Windemuller worked with Kalsec, a Michigan-based company touted as “the leading global producer of natural spice and herb flavor extracts, colors, antioxidants, and advanced hop products for the food and beverage industry,” to design and build out a new pilot plant manufacturing system at its headquarters in Kalamazoo.
Kalsec (short for “Kalamazoo Spice Extraction Company”) is a Michigan-based company that synthesizes and manufactures a variety of spice and herb flavor extracts, natural food color hues, antioxidants, and other products for food and beverage producers around the globe. For example, Kalsec was a key player in developing the light-stable hop extracts that have allowed some beer companies to bottle their beer in clear (rather than brown) bottles.

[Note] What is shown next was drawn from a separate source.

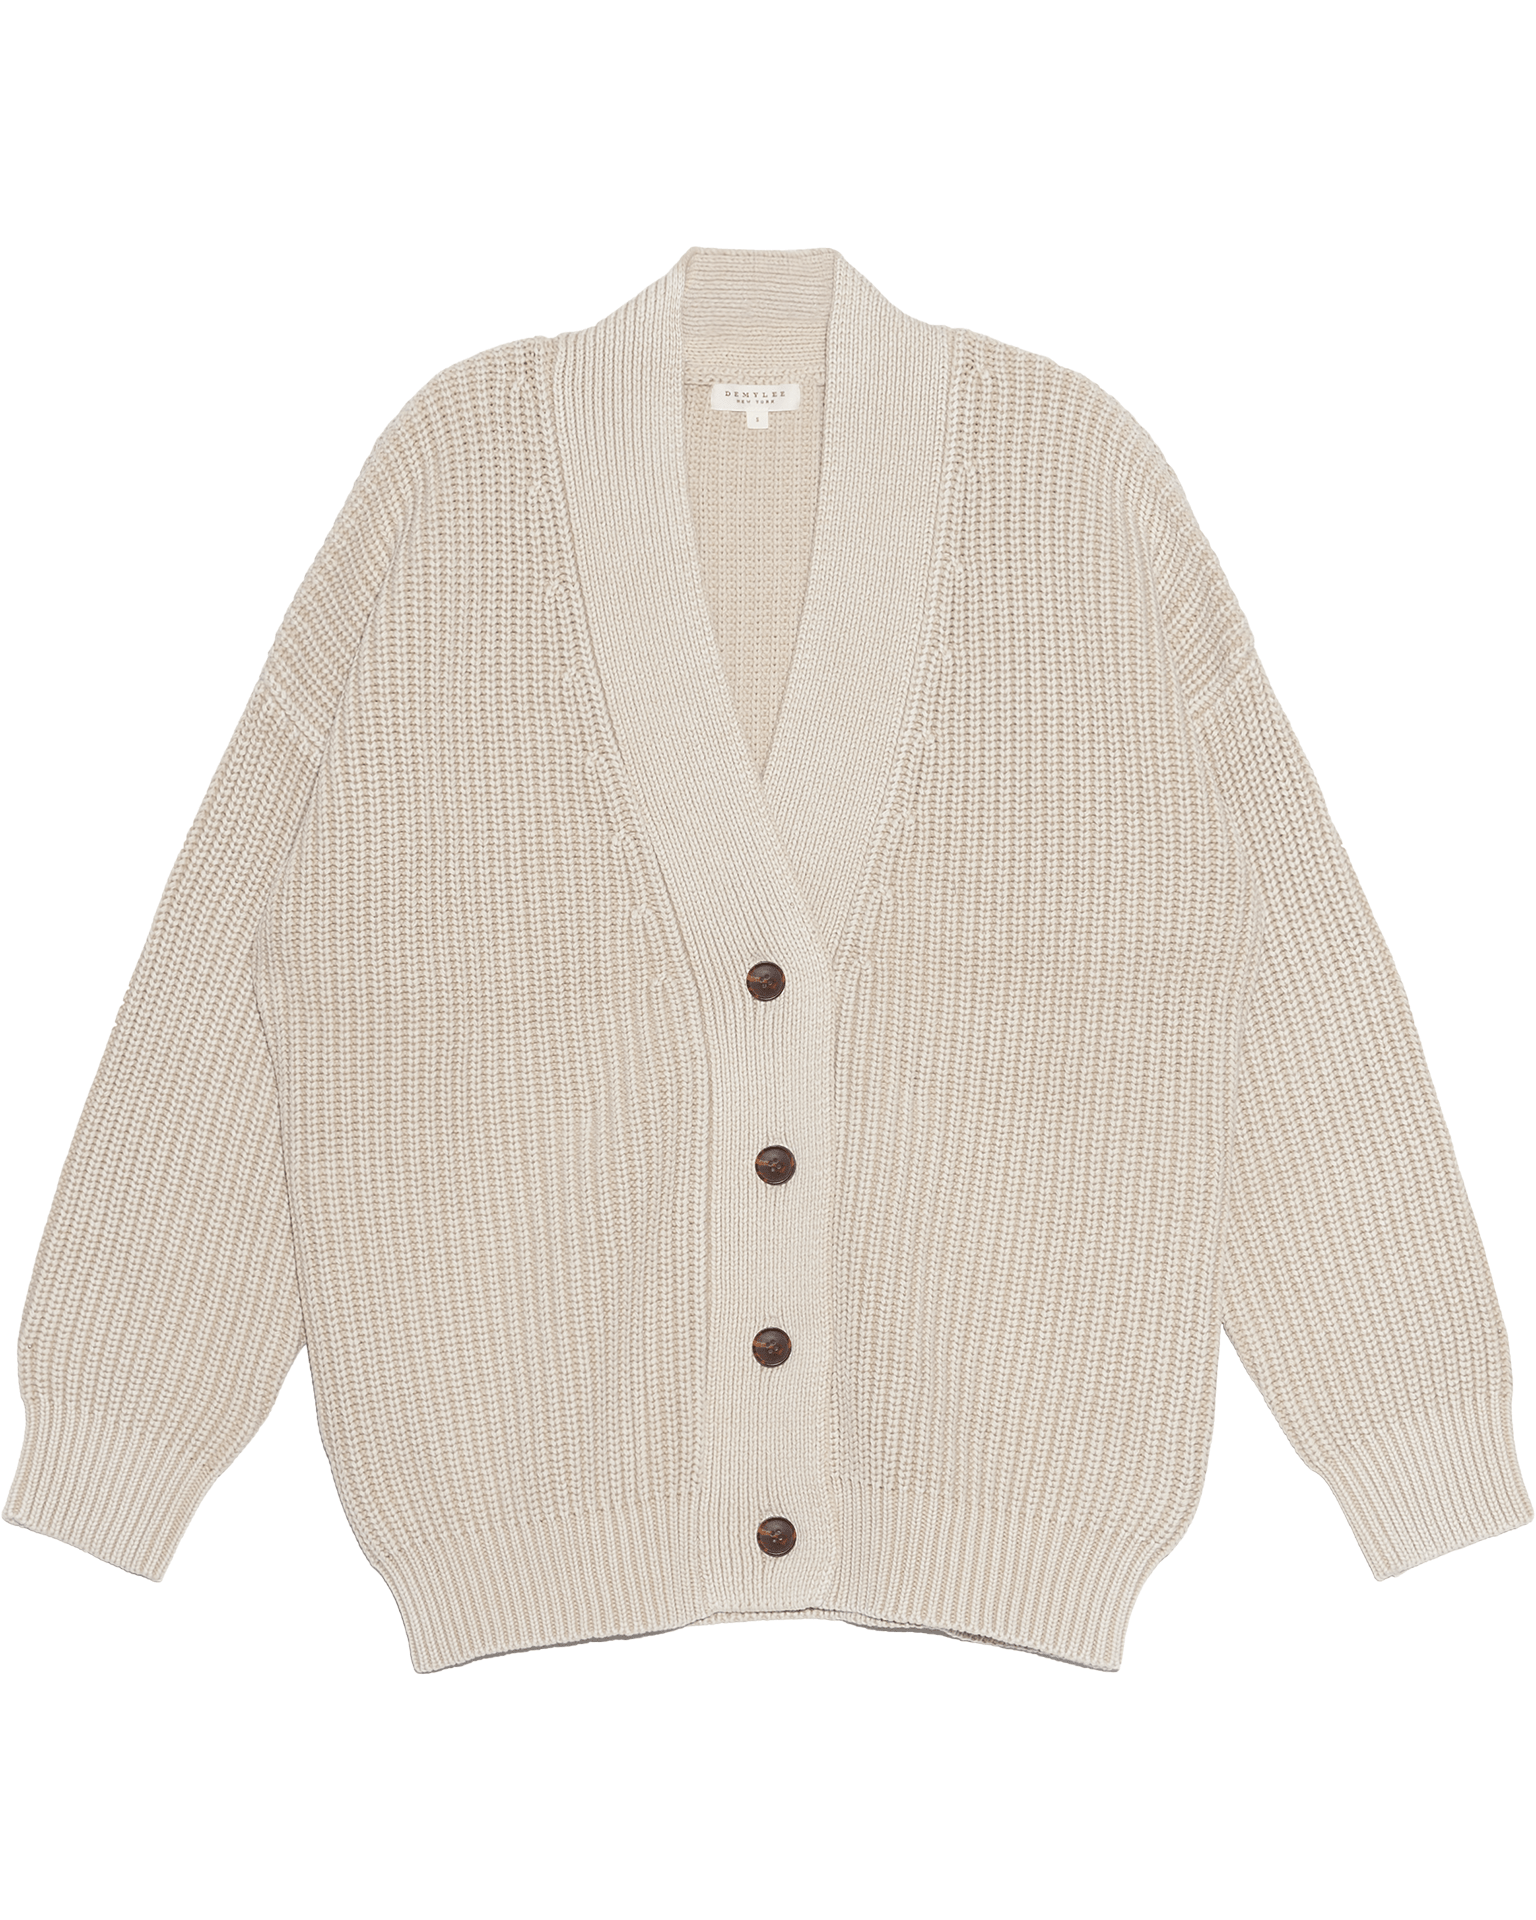 Demylee Brenna Cardigan in Sand - Bliss Boutiques

In 2020, Kalsec built a new “pilot plant” manufacturing system, which will allow the company’s R&D team to mix, manufacture, test, and sample small product batches more easily than ever before. Windemuller worked alongside Kalsec and their construction manager to provide an electrical buildout and a design assist on the new facility. Our job was to deliver power to different locations throughout the building, including to several “classified” areas that required the use of explosion-proof materials and protocols. With a “white box” electrical buildout provided by our team, the space was then ready to receive all the equipment necessary for the new plant.
Even before Windemuller’s crews got started on construction, there were a few significant challenges with this project to address. First, due to budget, the project went through a number of preliminary cutbacks. Crucially, the project was slimmed down from a larger building to a smaller one, which meant we had to pack quite a bit of circuitry into a smaller-than-anticipated space.
Rather than having us install EMT conduit behind the masonry of the building’s block walls – a time-consuming, work-intensive process that adds cost to a project such as this one – the client also opted for less expensive surface-mount conduit design. That shift saved time and labor in one area, but also meant we were largely working with rigid conduit, which is more difficult to run than EMT conduit and added its own challenges. Running rigid conduit in and out of explosion-proof areas – with the necessary seal-offs to prevent any openings for dust, harsh vapors or other combustible materials – proved particularly complex and difficult.
The design cutbacks – combined with some less-than-ideal layouts in the initial plans for static grounding, lighting, and lighting controls – also meant we had to help the client go back to the drawing board to revamp the architecture of the space, all before construction could begin.
The way the timeline for this project had been sketched out meant that the COVID-19 shutdown struck right as our crews were preparing to start construction. On the one hand, the disruption set us back months, delaying our project completion date from August to December. On the other hand, the closure gave us time to work with the client – over Zoom and email, of course – to redesign the project into something that had all the necessary pieces and could still meet Kalsec’s budgetary needs. The extra time proved, on this job at least, to be a blessing in disguise.
Otherwise, the big “solution” on this project was simply having an unflappable crew. Our team worked hard, kept their noses to the grindstone, and stayed adaptable and resilient throughout the job, even as design shifts and pandemic interruptions completely reshaped the scope and timeline of the work we were supposed to do. Kudos to them.